The issue of other cultures' appropriative wearing of Native American war bonnets (Caucasians in particular) has recently experienced fresh attention in the wake of Canadian festival The Bass Coast Project banning the apparel from their event grounds for this year's festivities.

"For various reasons, Bass Coast Festival is banning feathered war bonnets, or anything resembling them, onsite. Our security team will be enforcing this policy," festival organisers wrote in a statement posted to Facebook recently.

"We understand why people are attracted to war bonnets. They have a magnificent aesthetic. But their spiritual, cultural and aesthetic significance cannot be separated.

"Bass Coast Festival takes place on indigenous land and we respect the dignity of aboriginal people. We have consulted with aboriginal people in British Columbia on this issue and we feel our policy aligns with their views and wishes regarding the subject. Their opinion is what matters to us."

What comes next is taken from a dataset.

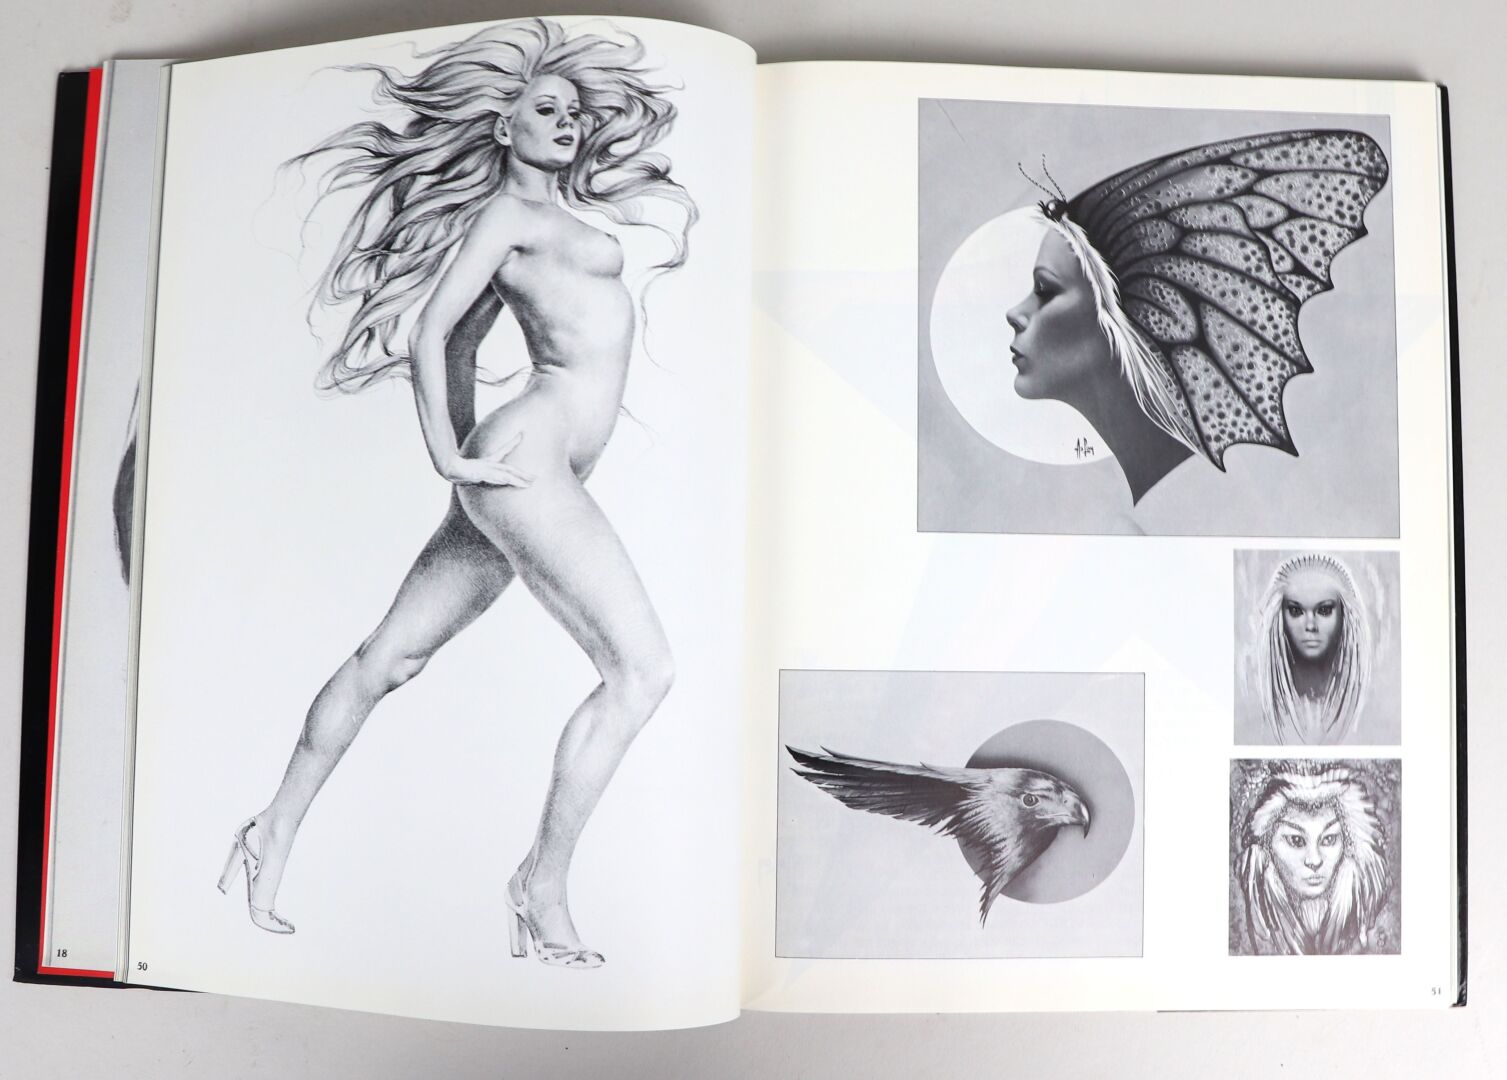 ASLAN (1930-2014). - Ensemble de cinq ouvrages consacrés à l'artiste comprenant : [...] - Image 6 of 7
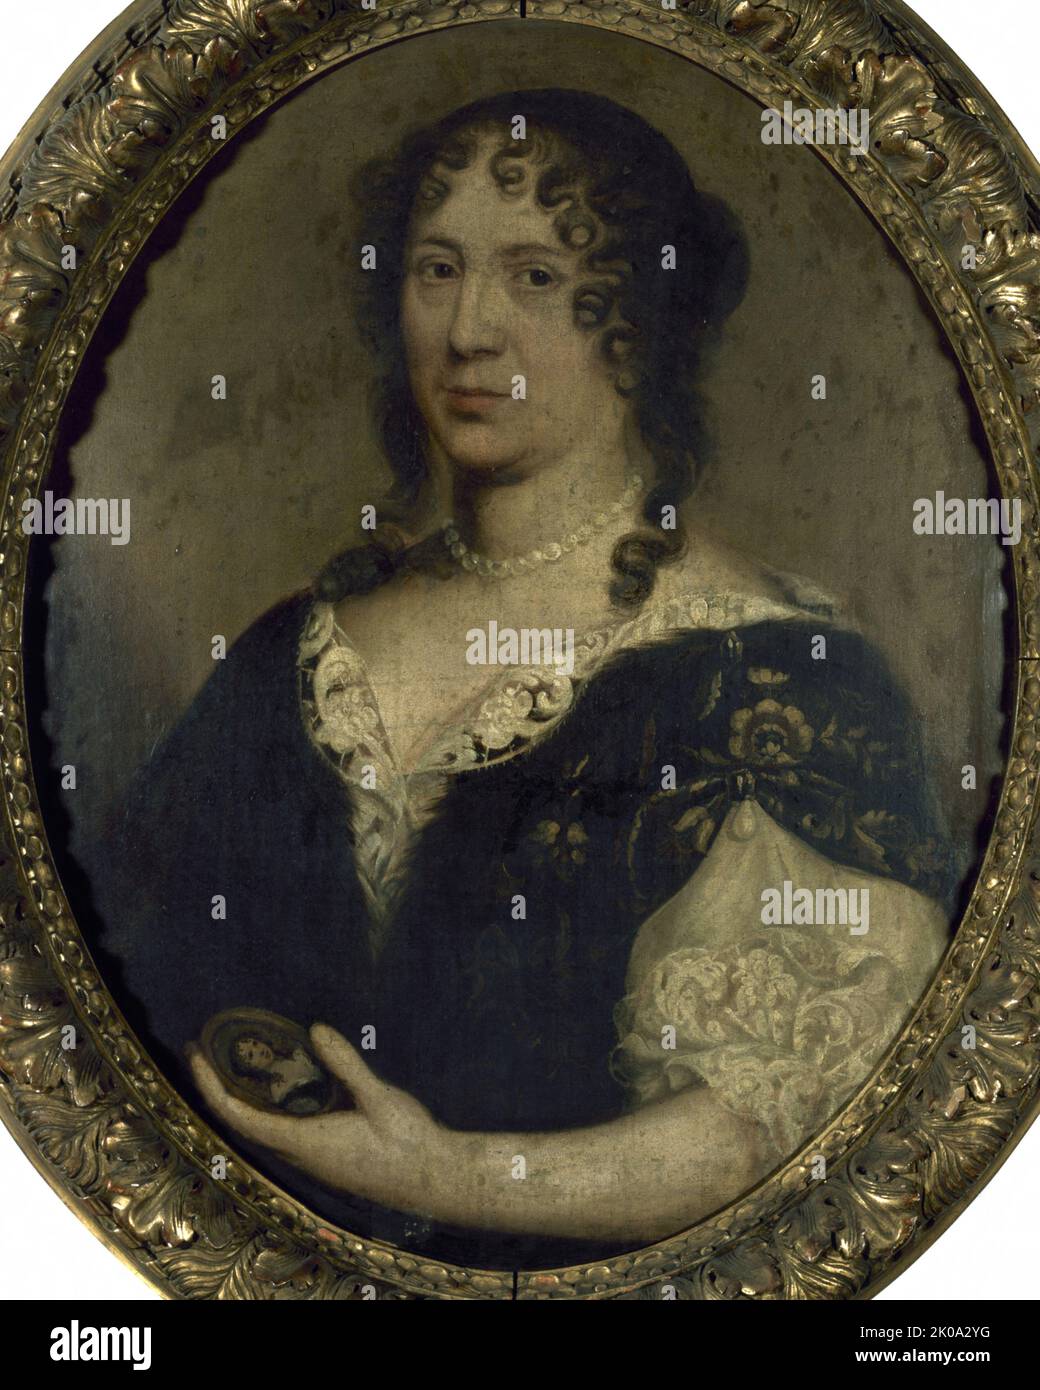 Portrait de femme, autrefois identifi&#xe9;e comme de S&#xe9;vign&#xe9;, c1680. Foto Stock

Their opinion should be what matters to you, too. This isn't some Ricky Gervais pot-stirring bullshit where you can glibly say "Offence is never given, always taken!" and then plug your stupid TV show, refusing to ever make any kind of effort to not be such an incorrigible prat to other people in future. This isn't, as one erudite commenter on triple j host Zan Rowe's Instagram-based criticism of the practice claimed, "a costume". And the problem truly is one that is steeped in ignorance, and totally within our power to change.

As Bass Coast Festival pointed out, war bonnets are aesthetically magnificent creations. They are absolutely a sight to behold, but a white person wearing one is not the same as trying your hand at the didgeridoo (in an endorsed setting) or wearing a kimono at a Japanese bath house. War bonnets are spiritually and culturally significant items, largely used for ceremonial purposes now but traditionally bestowed for acts of bravery and honour in times of war.

You wouldn't go to Future, for example, dressed up (in a kitsch manner, no less) in traditional Indigenous Australian battle garb, and we have even less right to do it to native people in other countries who have also suffered unimaginable oppression at the hands of our distant pale-skinned relatives. Imagine how you'd feel if a neo-Nazi rocked up to a party wearing your grandfather's World War II medals, and you might be starting to formulate an idea of why this is such a problematic practice.

Before anyone claims overblown political correctness and people being offended for the sake of it (because there were a few of you in Zan's thread), you should know that this issue has been widely documented and spoken about by several Native American people and communities, and it is their feelings — not mine, and certainly not yours — that matter in this issue, regardless of how far away they might live.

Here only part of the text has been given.